Ketua Dewan Pimpinan Daerah (DPD) Lembaga Pengawas Reformasi Indonesia (LPRI) Nusa Tenggara Timur (NTT), Rezky Yunike Agustin Frans, mengutus tiga anggotanya untuk memantau perkembangan kasus sengketa tanah di Desa Oelomin, Kecamatan Nekamese, Kabupaten Kupang.
Tim yang dikirim yaitu Jeane Lena Nguru,Yandri Matias Pello, dan Paulus Edi Sumantri, telah berangkat ke lokasi di Jl. H.r. Koroh No.11 pada siang hari Senin (16/3/2026).

Sebelum melaksanakan tugas, Ketua DPD LPRI NTT memberikan instruksi tegas: “Lakukan dengan humanis kepada semua pihak dan jalankan dengan rasa kekeluargaan.”

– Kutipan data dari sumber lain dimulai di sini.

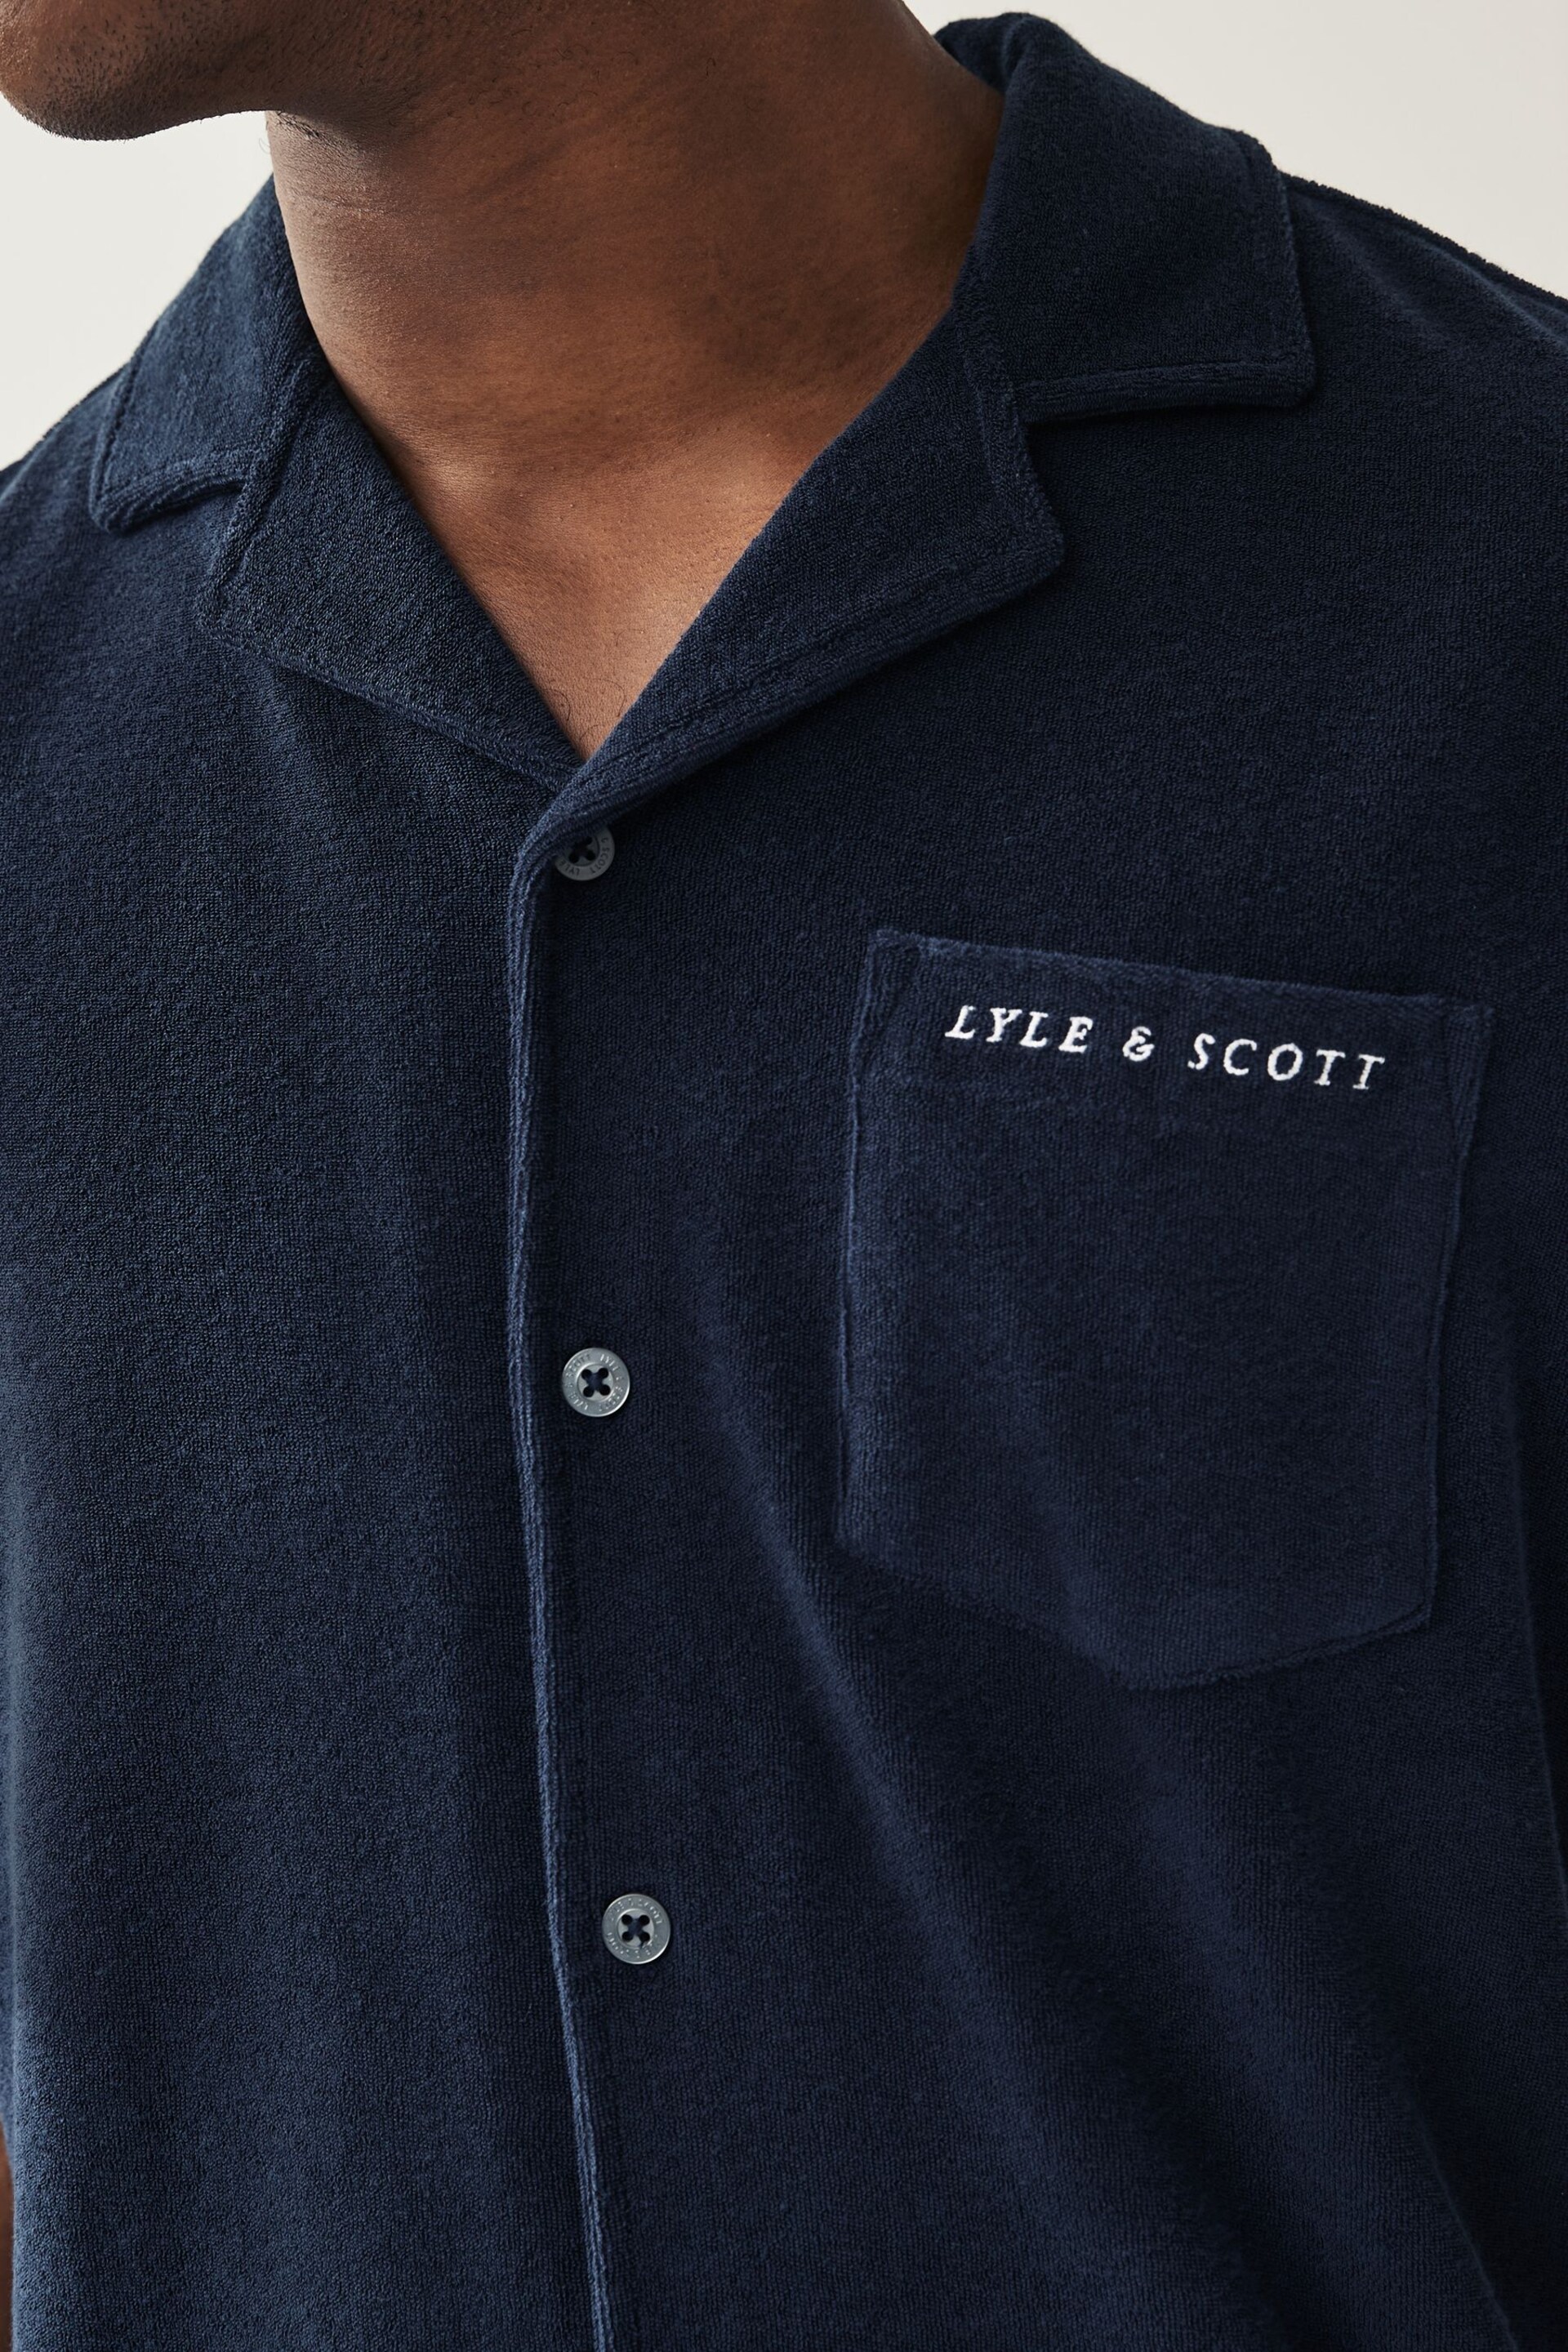 Lyle & Scott Towelling Resort Shirt - Image 4 of 5

Tanah yang menjadi permasalahan dimiliki oleh delapan pembeli dari kalangan pedagang pasar, petani, dan Aparatur Sipil Negara (ASN).
Pihak teradu dan pengadu telah melakukan mediasi kedua yang dijembatani oleh Kantor Badan Pertanahan Negara Kabupaten Kupang. Disepakati seluruh biaya pengurusan perkara ditanggung langsung oleh Anita Carolina W. Rupiasa.
LPRI NTT menekankan agar Kepala Desa Oelomin aktif berperan memastikan penyelesaian kasus berjalan baik dan adil. Jika kesepakatan tidak tercapai segera, akan diambil langkah sesuai peraturan perundang-undangan yang berlaku.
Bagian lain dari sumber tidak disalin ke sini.